Zombies are the current monster du jour (sorry, Twilight fans).  From what I can remember, their last heyday was in the ’70’s when George Romero put out Night of the Living Dead.  Oh, and then there was Thriller in the early ’80’s.  Now they’re all over the place again—on TV, in new movies, the subject of horror fiction.  I  never liked zombies—too messy and too dumb to be scintillating bad guys—but I’m developing a little empathy for the moldy creatures.

Lately, I feel like I’ve been collecting body parts that fell off when bipolar disorder radically changed my life.  Like a year-end clearance sale, everything had to go.  Skills, interests, possessions, and people all sloughed off to leave the bare-bones of survival.  Now as I try to piece together a new life out of the ruins, some of those bits may come in handy (so to speak).

But, I’m not a Mr.
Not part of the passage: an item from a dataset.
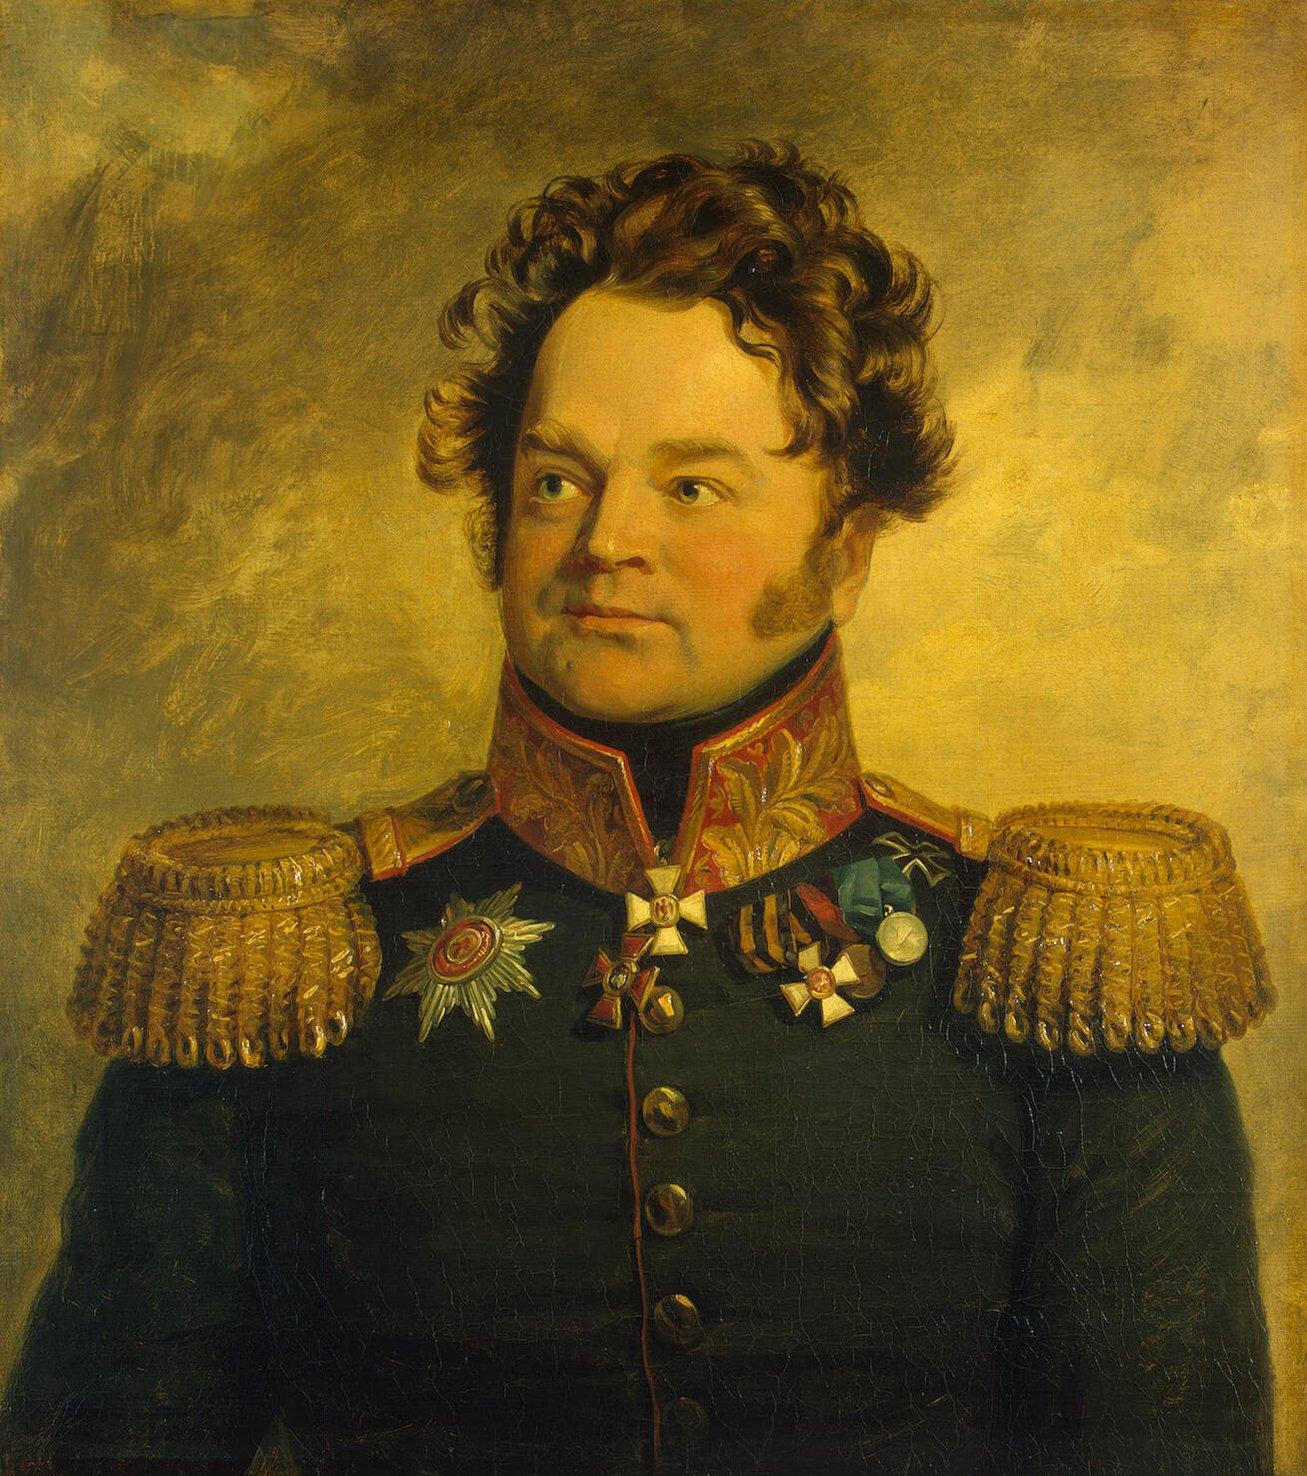 Свечин, Никанор Михайлович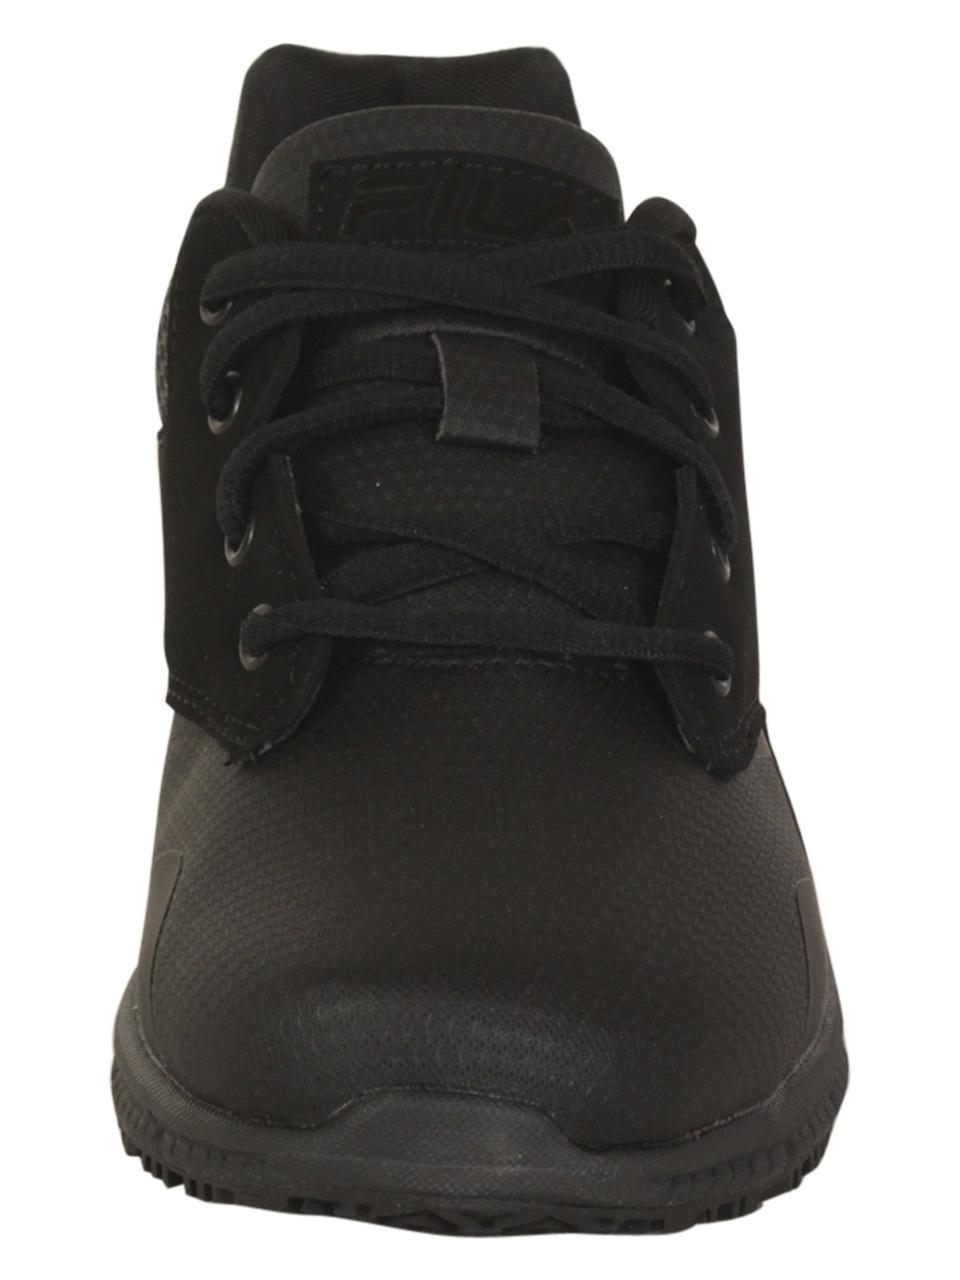 05a49852 fila slip resistant memory foam shoes fashion

Potato Head.  The parts don’t snap back into place.  Like other reanimated creatures, I find there’s been a lot of damage (rot, gnawing—you know…).  There’s also the memory of what those parts felt like incorporated into the whole in contrast to how they function now.  It’s an unsettling juxtaposition.

Case in point.  Today I was to lead the meditation at the Unitarian Universalists meeting.  That information didn’t get to the folks who had volunteered to run the service.  They already had the mediation planned, which was fine with me.  No big deal, no attachment.  But then, they handed me the sign-up sheet for future programs, and without thinking too much about it, I volunteered to lead a full service in May.

It wasn’t until the meeting was underway that I remembered my illness had chopped off that particular body part.  Once I led a service two or three times a month.  Then, I lost the ability to be consistent and follow through.  Anxiety and social phobia got in the way.  And depression overwhelmed the rest.

But, I didn’t scratch my name off the list for May.  I don’t know if this piece is going to fit again, but it feels important to at least pick it up and look at it.  The UU services are simple, the people accepting and generous.  Meditation and teaching meditation is a part of me that survived my zombification, so that piece is whole and functional.  I figure my chances of pulling this off are better than 50/50.

And like all the other pieces of my “old life” I’ve been scavenging, if it doesn’t fit anymore (or yet), then I’ll set it back down without regret or drama.  I’m getting used to trying on these old body parts and giving them a whirl to see if the stitches hold.  They are heavy, and sometimes the weight of them is too much.  But, sometimes they reanimate in a whole new way.

George Romero would be proud.

5 Comments (+add yours?)

  1. minlit
    Feb 27, 2012 @ 01:25:27

    Fascinating analogy!


  2. Kathryn McCullough
    Feb 27, 2012 @ 08:37:13

    I know this feeling well–pieces of me lost, my effort to pick them back up again, the difficulty with follow through. Hang in there, my friend!


  3. pegoleg
    Feb 27, 2012 @ 10:15:10

    That movie scared the bejebus out of me – still does. I won’t say “you’ll be great”, because you probably will, but I don’t want to downplay your fears. Would it help to lessen the pressure to ask the schedulers to have a backup plan?